A Common Challenge for B2B technology, SaaS and Professional Services Businesses
If market demand was a fixed commodity, attracting new business would require only that you create awareness and build interest around well-known needs. Companies who see their marketplace in this way often subscribe to a “lather, rinse, repeat,” approach to pipeline management – focusing marketing dollars on prospects already well-along their purchasing journey, identifying qualified opportunities, but paying little attention to the world of prospects who do not yet see their needs as urgent.
Though closing business right now is an ideal that everyone can appreciate, it’s a perspective that, taken in isolation, ignores the reality that it is in your power to create market demand. It takes a keen focus on both sales and marketing fronts to look beyond the current need for leads and build demand that continues to feed a hungry funnel over time. It can make sense to turn to innovations in demand generation designed to develop, rather than fulfill, the market need. Surprisingly, this often requires that you narrow, rather than expand, the world of suspects that you are targeting.
It starts with focus – which is a big challenge in some industries, particularly, in technology related businesses and in B2B marketing, because these types of businesses often sell their solutions broadly and then deploy them quite differently through onboarding and professional services that tailor solutions for different types of use cases. This means that what is relevant to one segment of buyers is often irrelevant to another.
So, how do you know whether increased focus can help your demand generation efforts? Here’s five questions that will help you diagnose whether narrowing your focus can help:
- Do less than 30 percent of your inbound marketing leads convert to sales conversations? Your marketing efforts should be driving people to visit your website, to download some information, and to click through to some social media. Maybe you have a lead scoring system that identifies likely prospects based upon their responses -- but if you’re finding that even the ones scoring high somehow just “fall away” before an actual sales conversation occurs, then your value proposition may be insufficiently focused and differentiated.
- Does your in-house sales team rely on marketing to fill over 70 percent of their new business pipeline?
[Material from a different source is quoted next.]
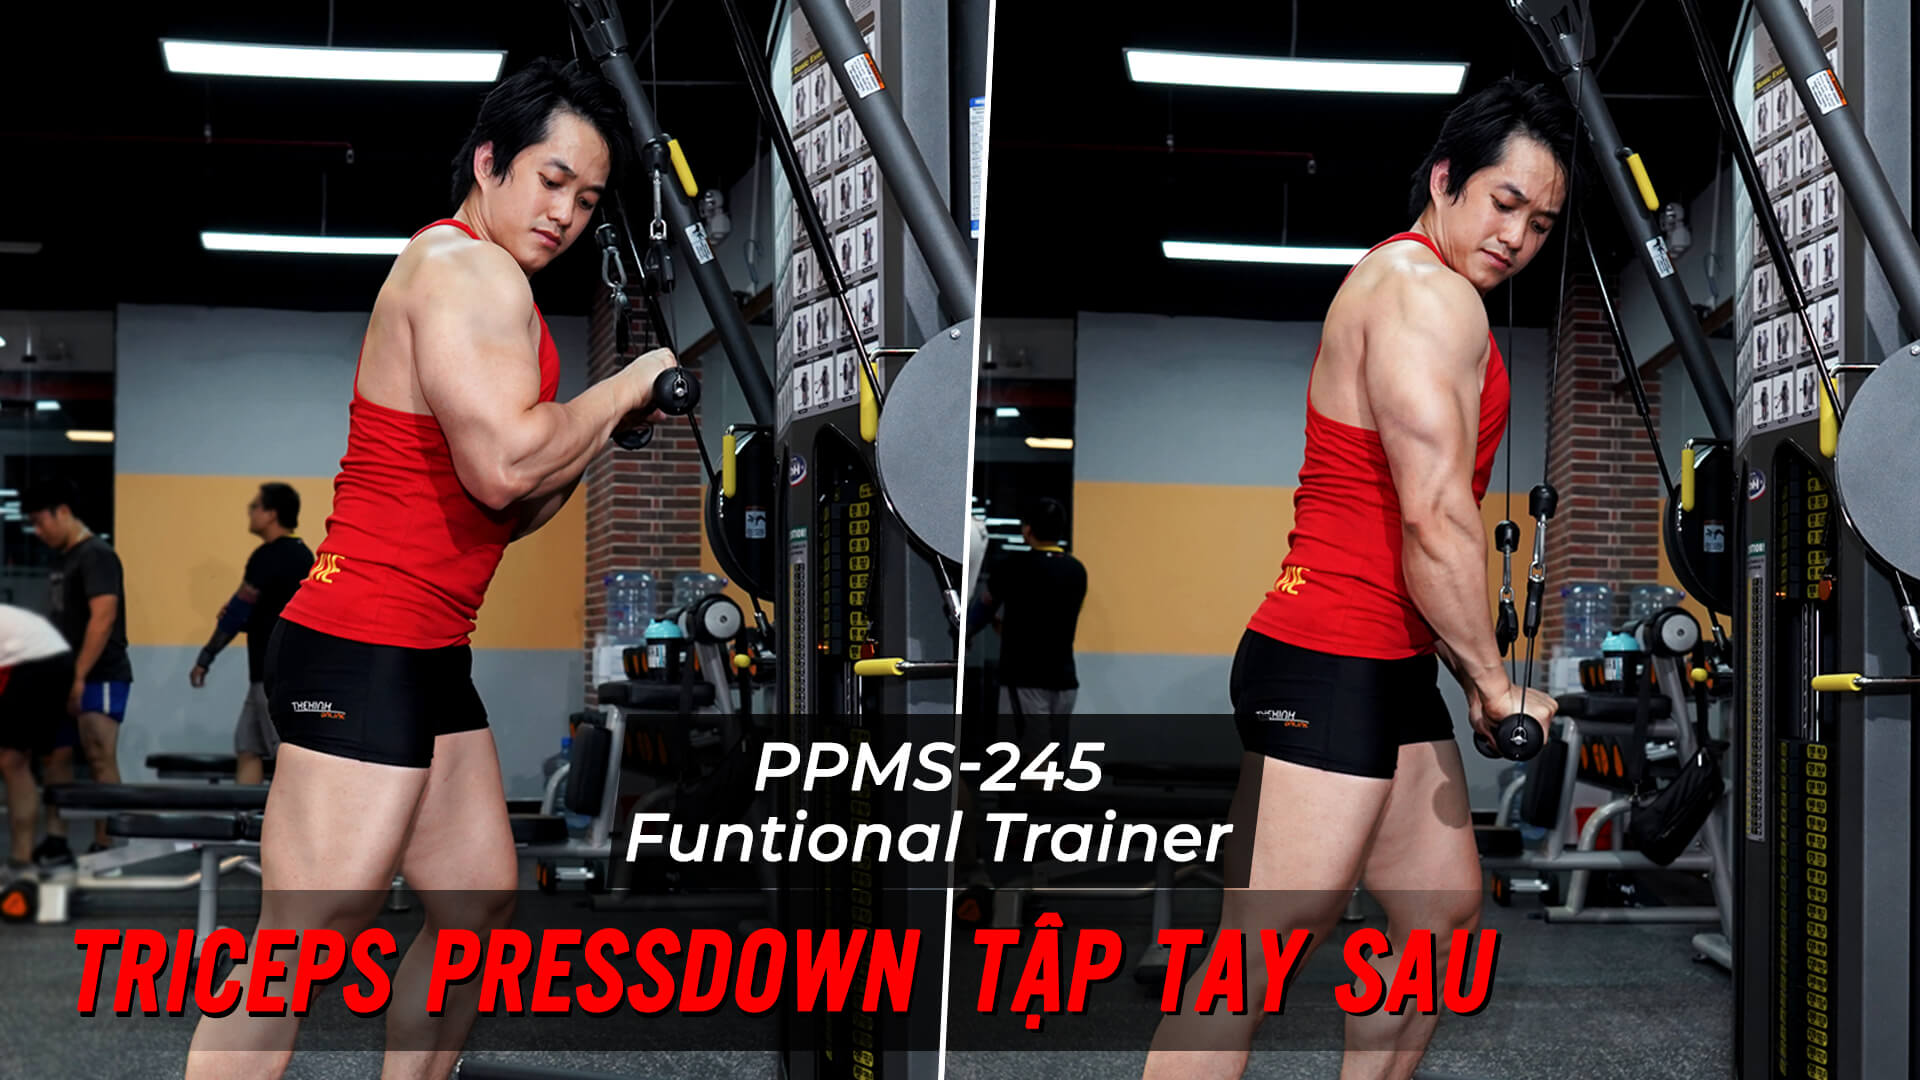 Triceps Pressdown - Bài tập giúp phát triển tay sau với Functional Trainer

A healthy B2B sales team should be generating 30 to 50 percent of new business through direct referrals, word-of-mouth, or other sales-driven networking. If you are not serving a critical mass of self-referencing customers who have common needs and characteristics, the likelihood that you will drive non-solicited referrals from even your best customers will go down. If you sell across a highly diverse set of customer types but fail to be perceived as a leader/player in any, even getting referrals proactively will be more difficult because you have to find them, talk to them and individually convince them to become a referral for you. You need to have a group of successful customers with common interests to turn positive experiences into referral business for you, independently from your own efforts. Those shared successes will tend to be perceived as relevant, and your sales team will find it easier to generate referrals as a result.
- Are you competing in a mature marketplace where you do not have a significant share of market? Here’s a truth that can be a tough pill to swallow for CEOs in a technology enabled business: The least sustainable advantage that you have may be the differentiation that you have in your offers. That’s because cheap capital helps even upstarts compete quickly in most technology segments. If you narrow your focus to specific parts of the market you can hone your message and differentiate your products, pricing, partners, or channels in a way that trumps larger, more established competitors who compete more broadly. When you become the top 1 or 2 amongst that group you will be more likely perceived as the de facto choice well before the prospect enters any lead generation funnel that you may have.
- Are your customer acquisition costs dramatically different between different types of buyers? Companies start measuring their customer acquisition costs (CAC) in aggregate for financial reporting reasons – often reporting out a simple CAC Ratio defined by total sales divided by total sales and marketing costs for new customers. This is fine as a high-level health indicator, but it can hide what is really going on between different classes of customers. With software, SaaS and professional services companies, CAC ratios can vary a lot by segment because services and support groups scope implementations up-front even though actual implementations happen post-sale. Significant differences in customer acquisition costs are an indicator that these customer types are radically different in ways that your single message and sales approach may not match -- different purchasing journeys, different criterion for purchase, different influencers, and different implementation requirements. If you want to increase demand for your offerings, prioritize your attack. Focus on one, or approach them in very different ways.
- Is customer retention consistent between buyer types? Like your customer acquisition costs, when retention rates vary dramatically between market segments, your buyers are having significantly different experiences by segment. There are lots of reasons why you may be experiencing high churn or low upsell, but if you answered yes to one or more of the other questions here, it may be an indicator that your team is creating expectations that are too high, or that your product is being used differently in different segments. Evaluating customer success using a Net Promoter Score by buyer segment can be a leading indicator here.
If you answered “yes” to two or more of these questions, it’s likely that your sales funnel challenge has as much to do with market development and focus as it does with the effectiveness of your marketing campaigns to capture inbound leads. As I said at the start of this post, the great news is that you can exert influence by deploying a market-based strategy that causes certain classes of prospects to develop faster. First, you’ll need to understand where and how you want to focus and truly commit to that as a leadership team. It will require that marketing, sales, services, and support march to the same direction and follow the same KPIs, and that the CEO and executive team are all bought-in and perceived as leading the change.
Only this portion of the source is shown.